Goal of the exercise: With the pictures omitted, output word for word the lines from the one containing "Abmessungen des Schirms (Zoll) : 10 x" through the end of the records.

** Opening Extracted entries block **

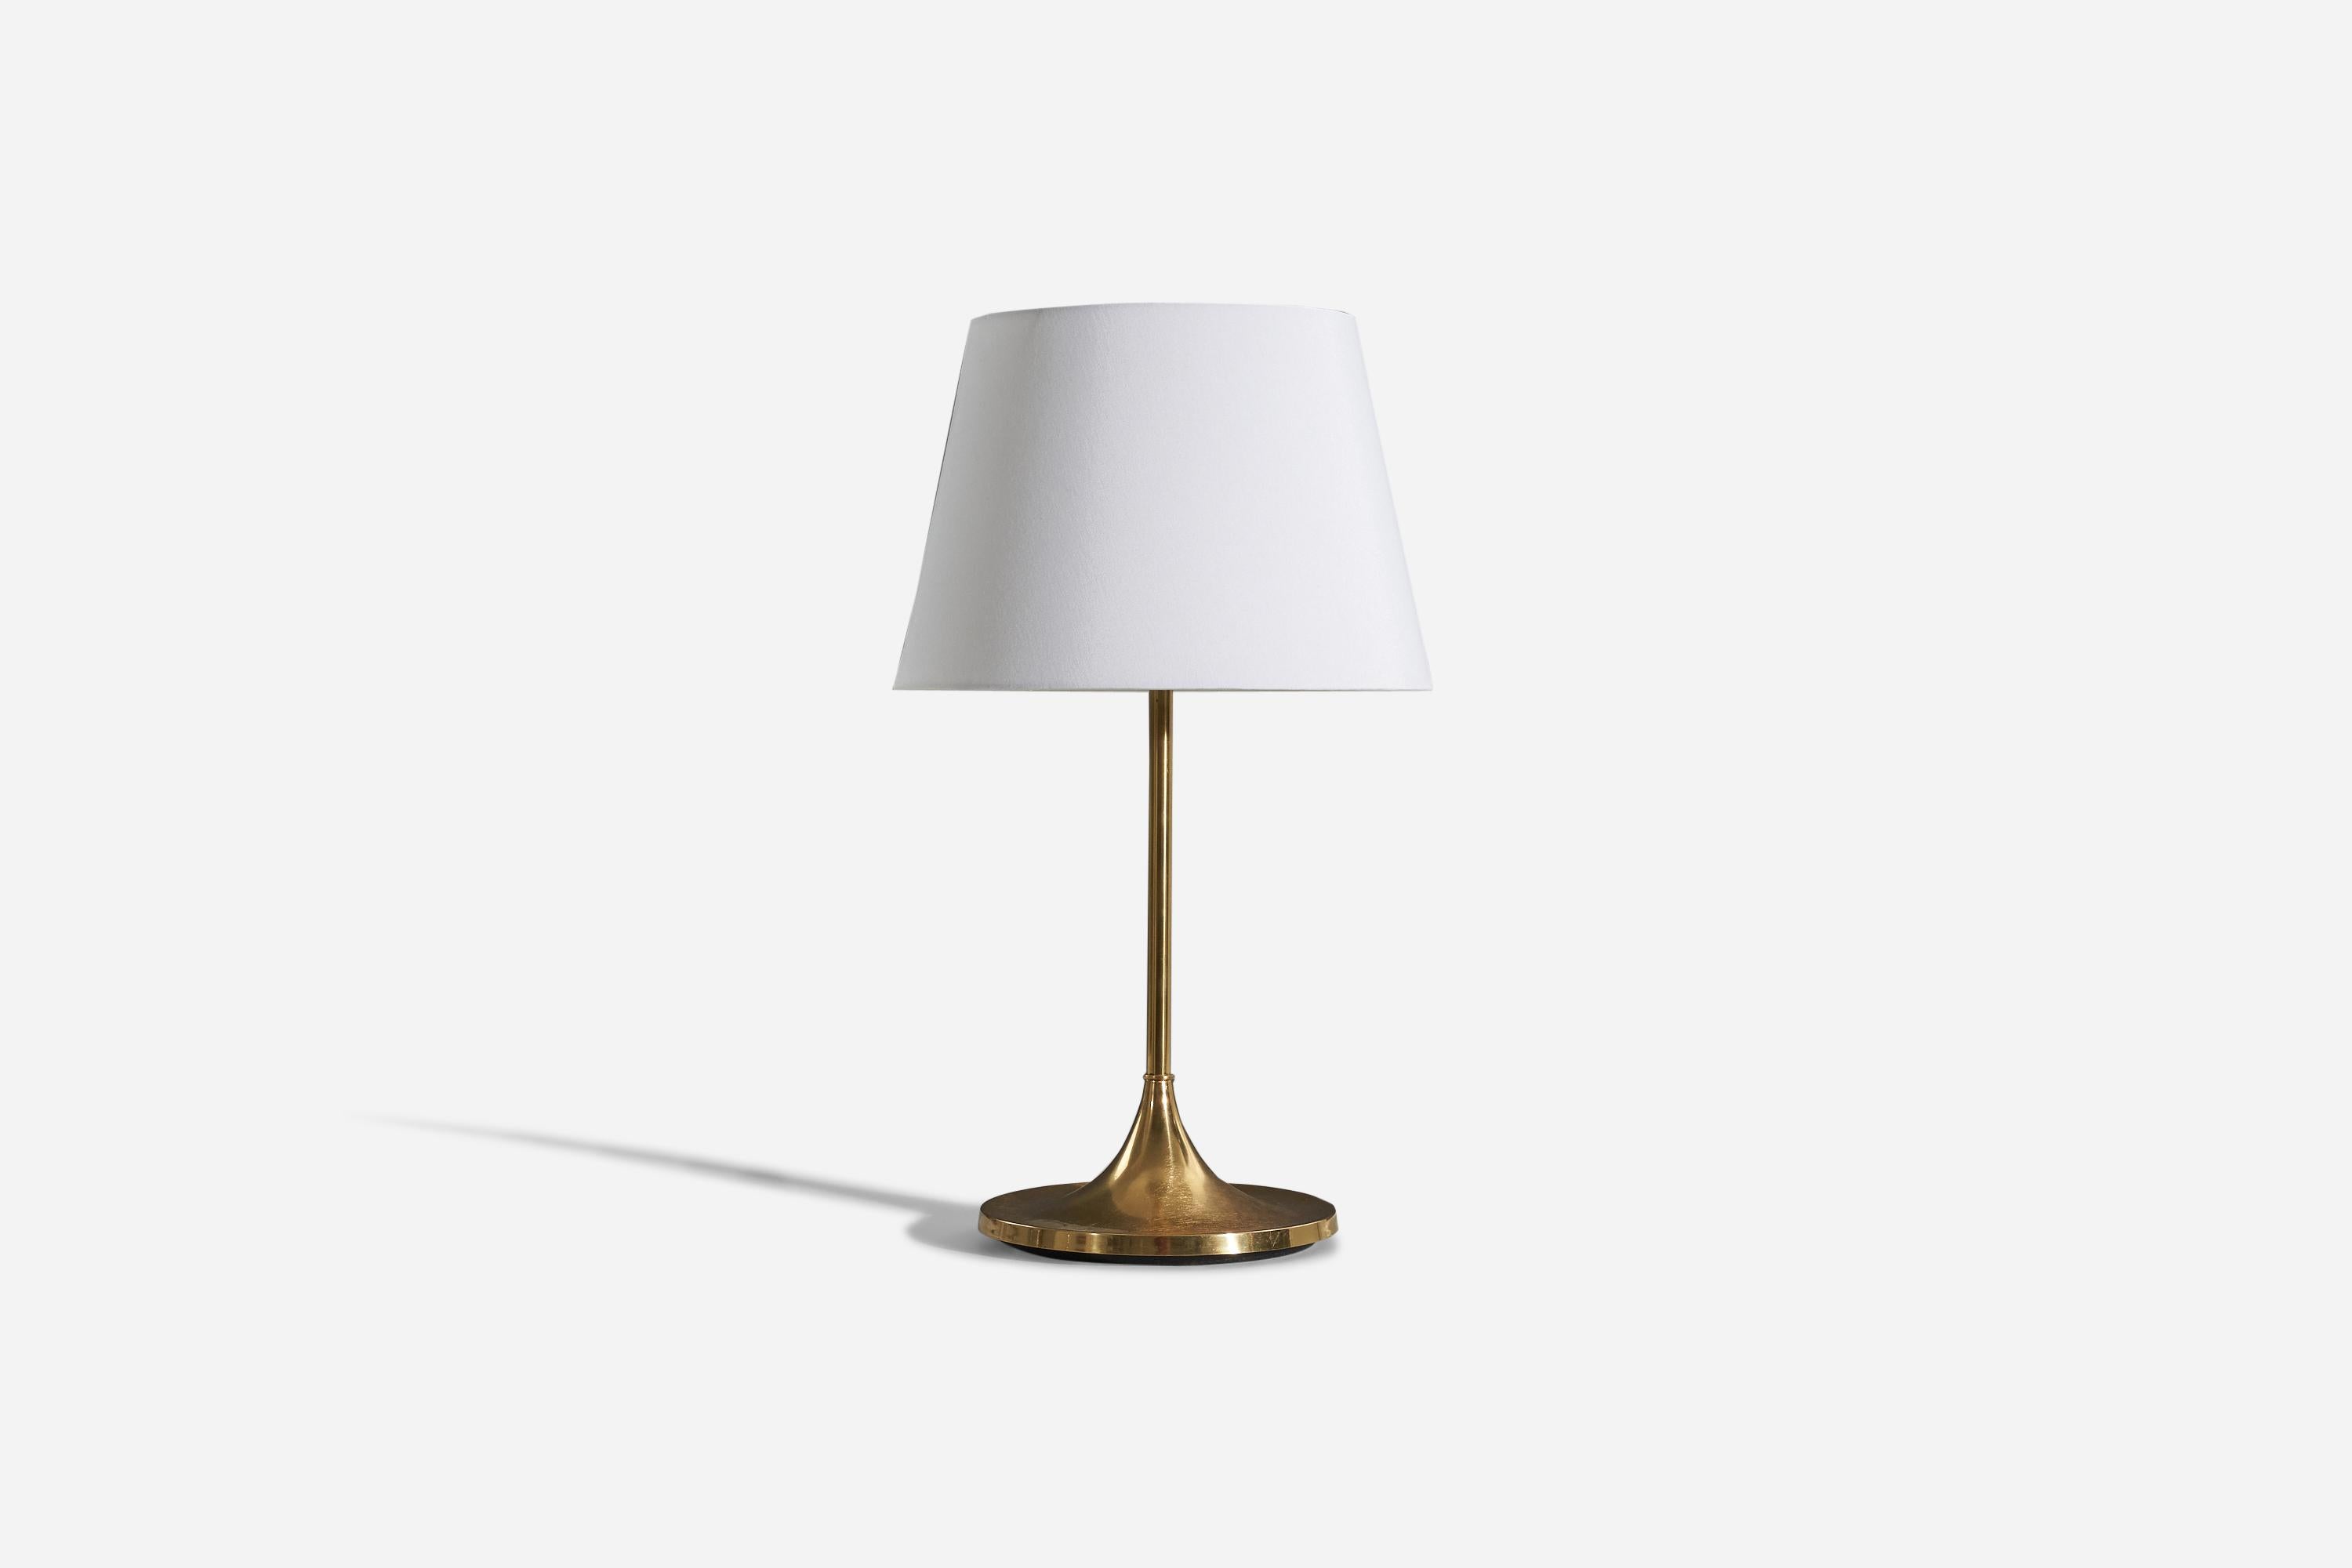 Tischlampe aus Messing, entworfen und hergestellt von einem schwedischen Designer, Schweden, ca. 1960er Jahre.

Verkauft ohne Lampenschirm. 
Abmessungen der Lampe (Zoll) : 18.125 x 9,625 x 9,625 (H x B x T)
Abmessungen des Schirms (Zoll) : 10 x
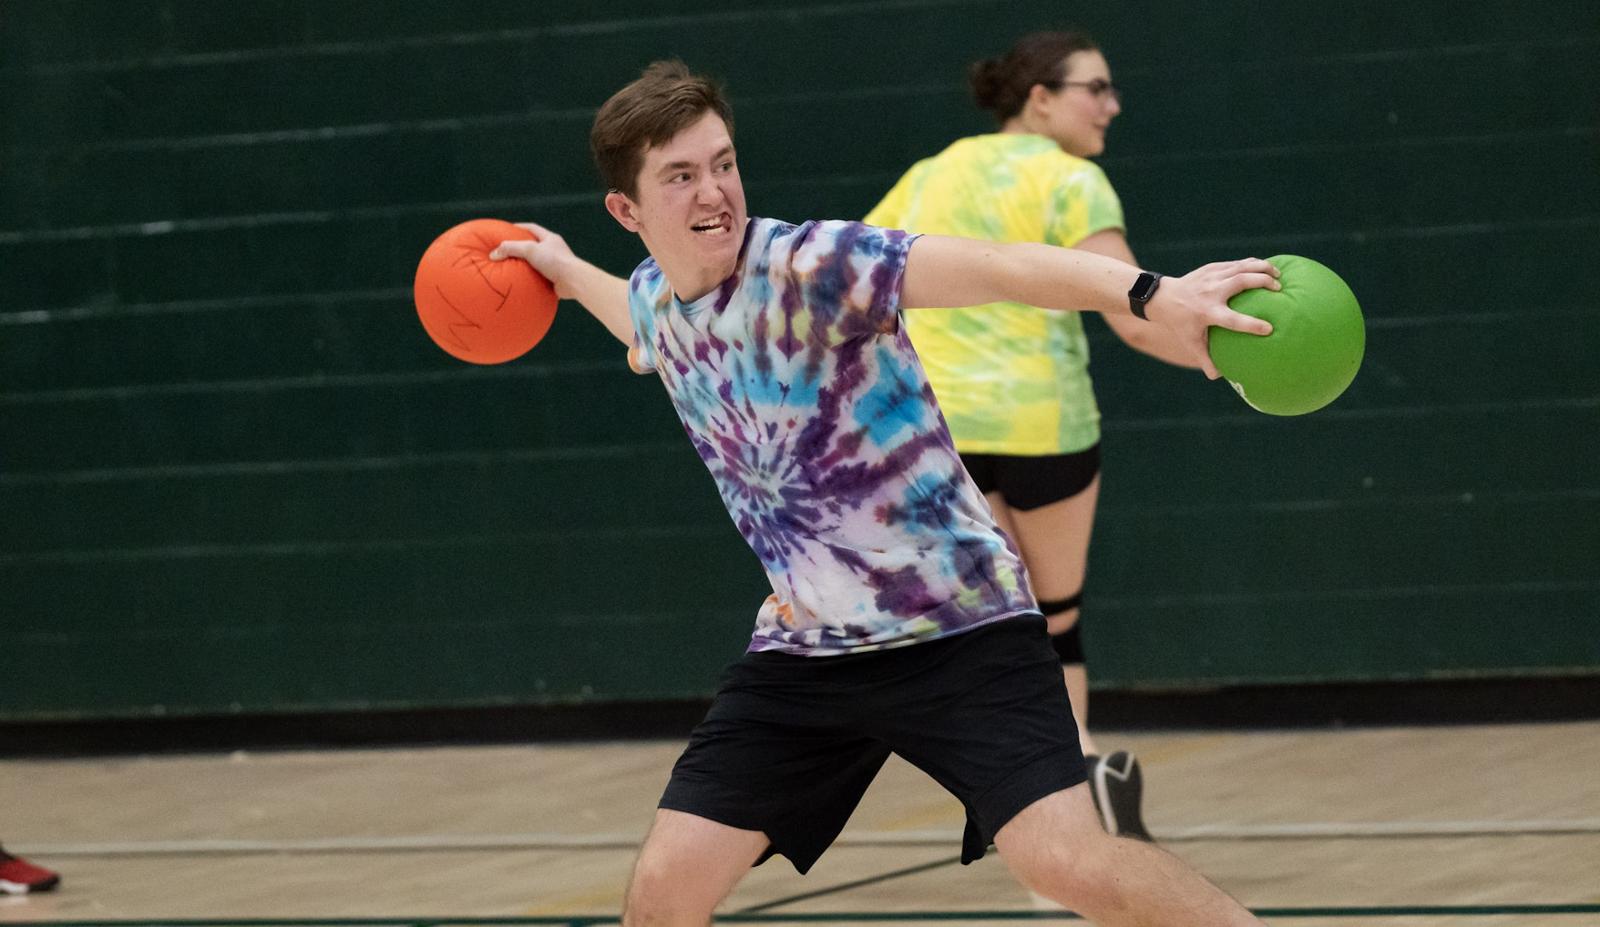 Intense guy throwing dodgeballs

** Closing Extracted entries block **

Expected output:
Abmessungen des Schirms (Zoll) : 10 x
 Intense guy throwing dodgeballs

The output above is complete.